J'ai été contrainte de m'avouer que le maréchal apportait lui-même plus d'obstacle à ma chevaleresque entreprise que qui que ce soit, et, comme au fond il faut servir ses amis ainsi qu'ils veulent l'être, en conservant une très tendre amitié pour lui, je me suis résignée à lui laisser gaspiller un reste d'existence que j'aurais désiré voir rendre utile à notre pays.
Je reviens à 1830.
CHAPITRE XX
Le premier jour de l'année 1830. — Séance royale au Louvre. — Le Roi laisse tomber son chapeau; monsieur le duc d'Orléans le ramasse. — Testament de monsieur le duc de Bourbon. — Expédition d'Afrique. — Un mot de monsieur de Bourmont. — Le Roi et l'amiral Duperré. — Voyage de monsieur le Dauphin à Toulon. — Messieurs de Chantelauze et Capelle entrent dans le ministère.

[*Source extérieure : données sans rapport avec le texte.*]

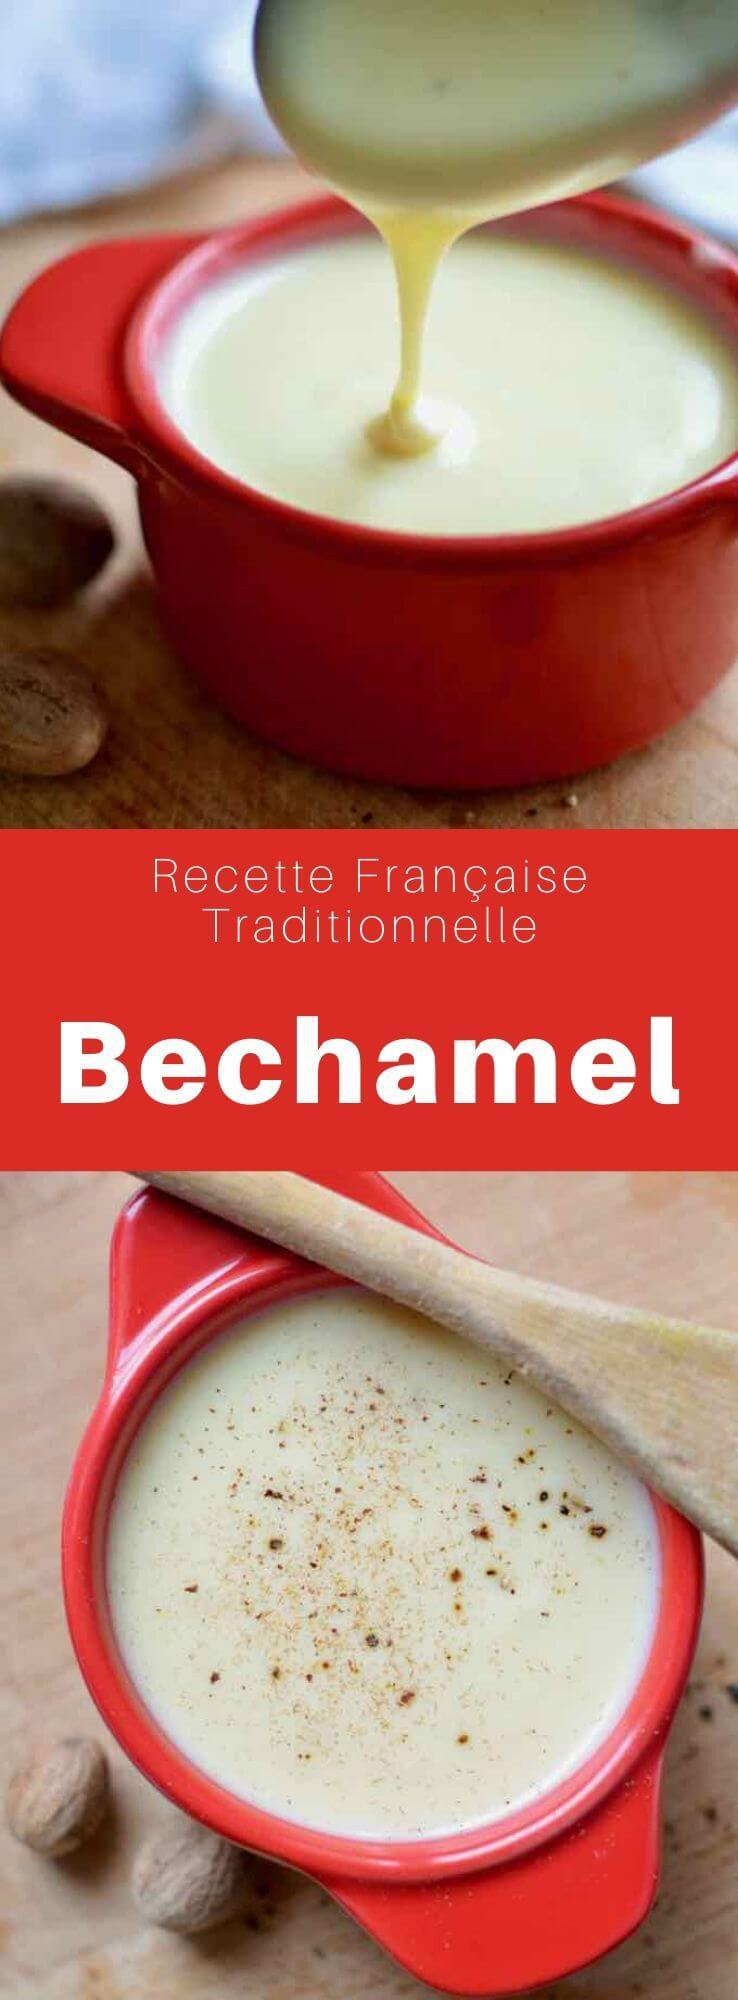 La sauce béchamel est un classique de la cuisine française, qui sert de base à de nombreuses recettes, préparée à partir d'un roux cuit avec du lait. #RecetteFrancaise #CuisineFrancaise #CuisineDuMonde #196flavors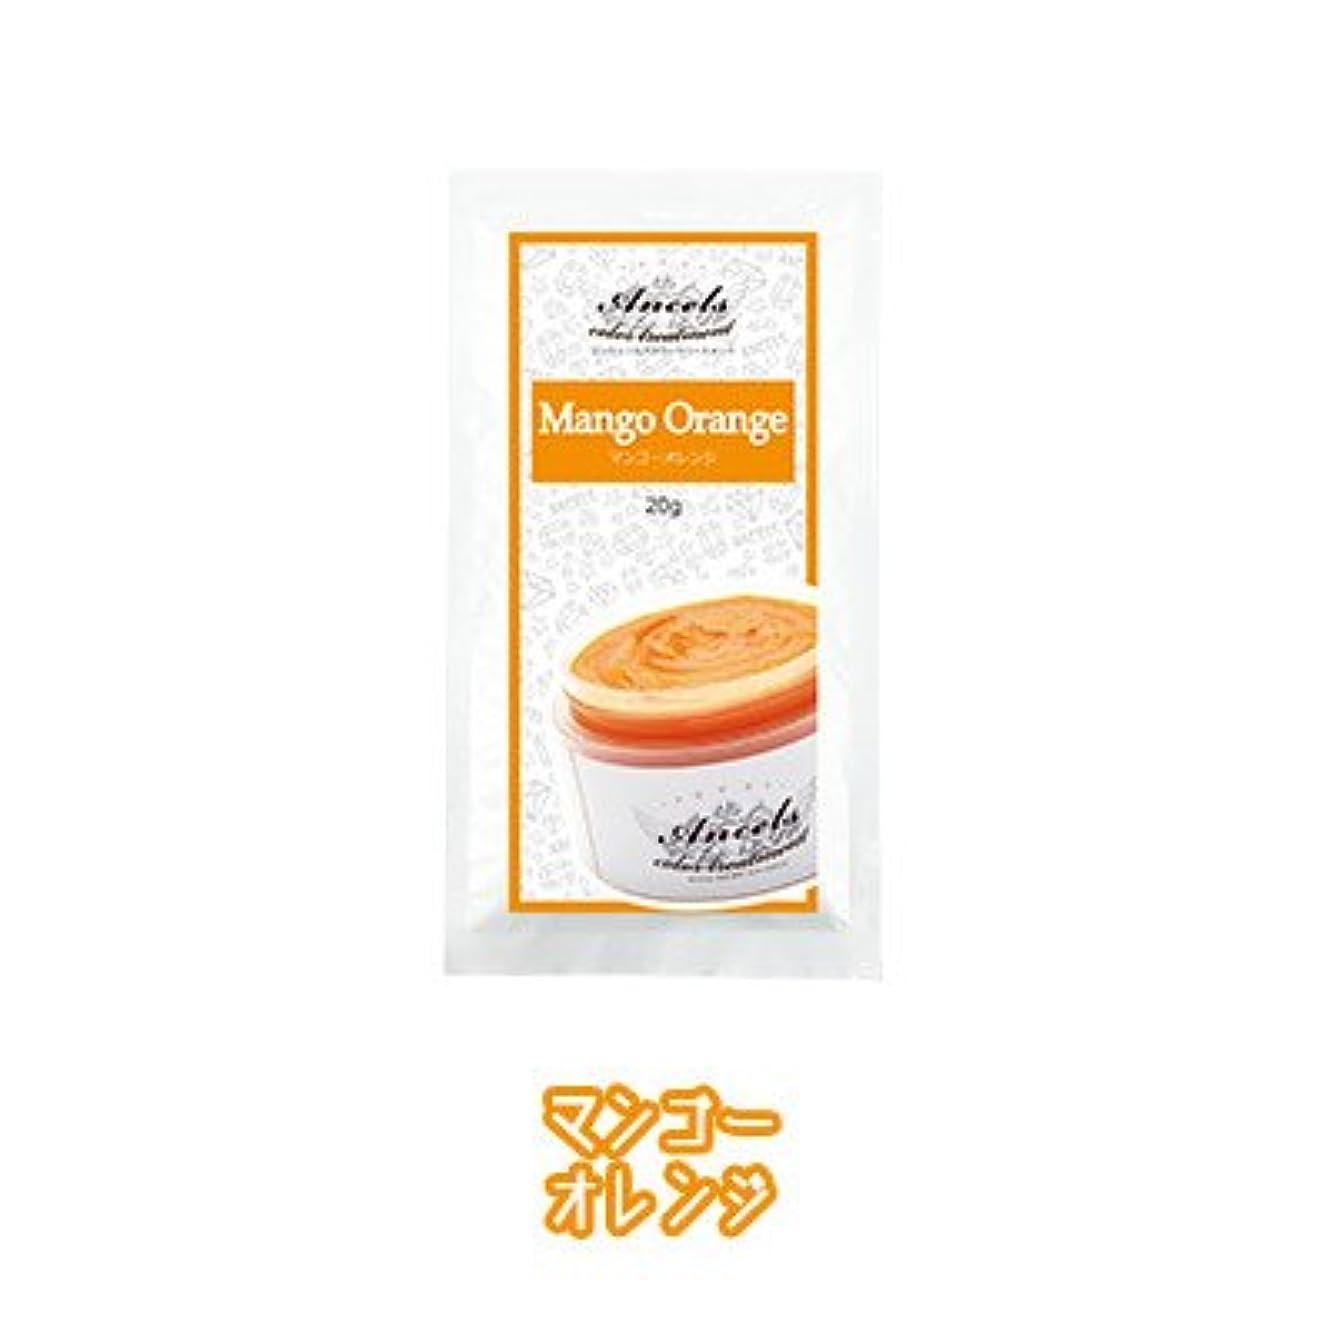 口頭授業料までエンシェールズ カラートリートメントバター プチ(お試しサイズ) マンゴーオレンジ 20g

Le premier jour de l'année fut remarquable par le discours du Nonce au Roi où il sembla lui donner des conseils d'une politique ultramontaine fort bien accueillis dans la réponse de Sa Majesté. Cette circonstance fit renouveler le bruit qui circulait tout bas que ce nonce, Lambruschini, assisté du cardinal de Latil, avait, avec l'autorisation du Pape, relevé Charles X des serments prononcés à son sacre. Je n'affirme pas que cette cérémonie ait eu lieu; des gens fort instruits des affaires l'ont cru.
Ce même premier janvier, la cour royale, ayant en tête son président, monsieur Séguier, se présenta chez madame la Dauphine. Monsieur Séguier se disposait à lui adresser les félicitations d'usage lorsqu'elle lui coupa la parole en disant de la façon la plus hautaine: «Passez, messieurs, passez.» Ces deux circonstances firent grande sensation et donnèrent fort à commenter. Repousser si durement la magistrature du pays tandis qu'on recevait bénévolement les conseils antinationaux, c'étaient deux fautes graves; mais le temps était arrivé où elles se succédaient rapidement.
La saison était fort rigoureuse et les souffrances du peuple en proportion. La charité publique cherchait à les égaler. On imagina pour la première fois de donner un bal à l'Opéra, à un louis par billet, appelant ainsi le luxe au service de la misère.
Les dames de la Cour et de la ville s'occupèrent également de cette bonne œuvre qui réussit parfaitement et rapporta une somme très considérable. Les habitants des Tuileries y avaient les premiers contribué, mais personne ne parut dans la loge réservée pour eux. Celle du Palais-Royal, au contraire, était occupée par toute la famille d'Orléans.
Monsieur le duc d'Orléans et son fils descendirent dans le bal. Monsieur le duc de Chartres y dansa plusieurs contre-danses. Cette condescendance eut grand succès et rendit plus remarquable la solitude de la loge royale qui restait la seule vide dans toute la salle. C'est avec toutes ces petites circonstances que les Orléans conquéraient la popularité que les autres repoussaient tout en la souhaitant.
J'ai, en général, peu de curiosité à voir les cérémonies où la foule se porte, mais les circonstances avaient rendu l'ouverture de la session si importante que je voulus assister à la séance royale. Elle se tenait au Louvre et les détails de cette matinée me sont restés dans la mémoire.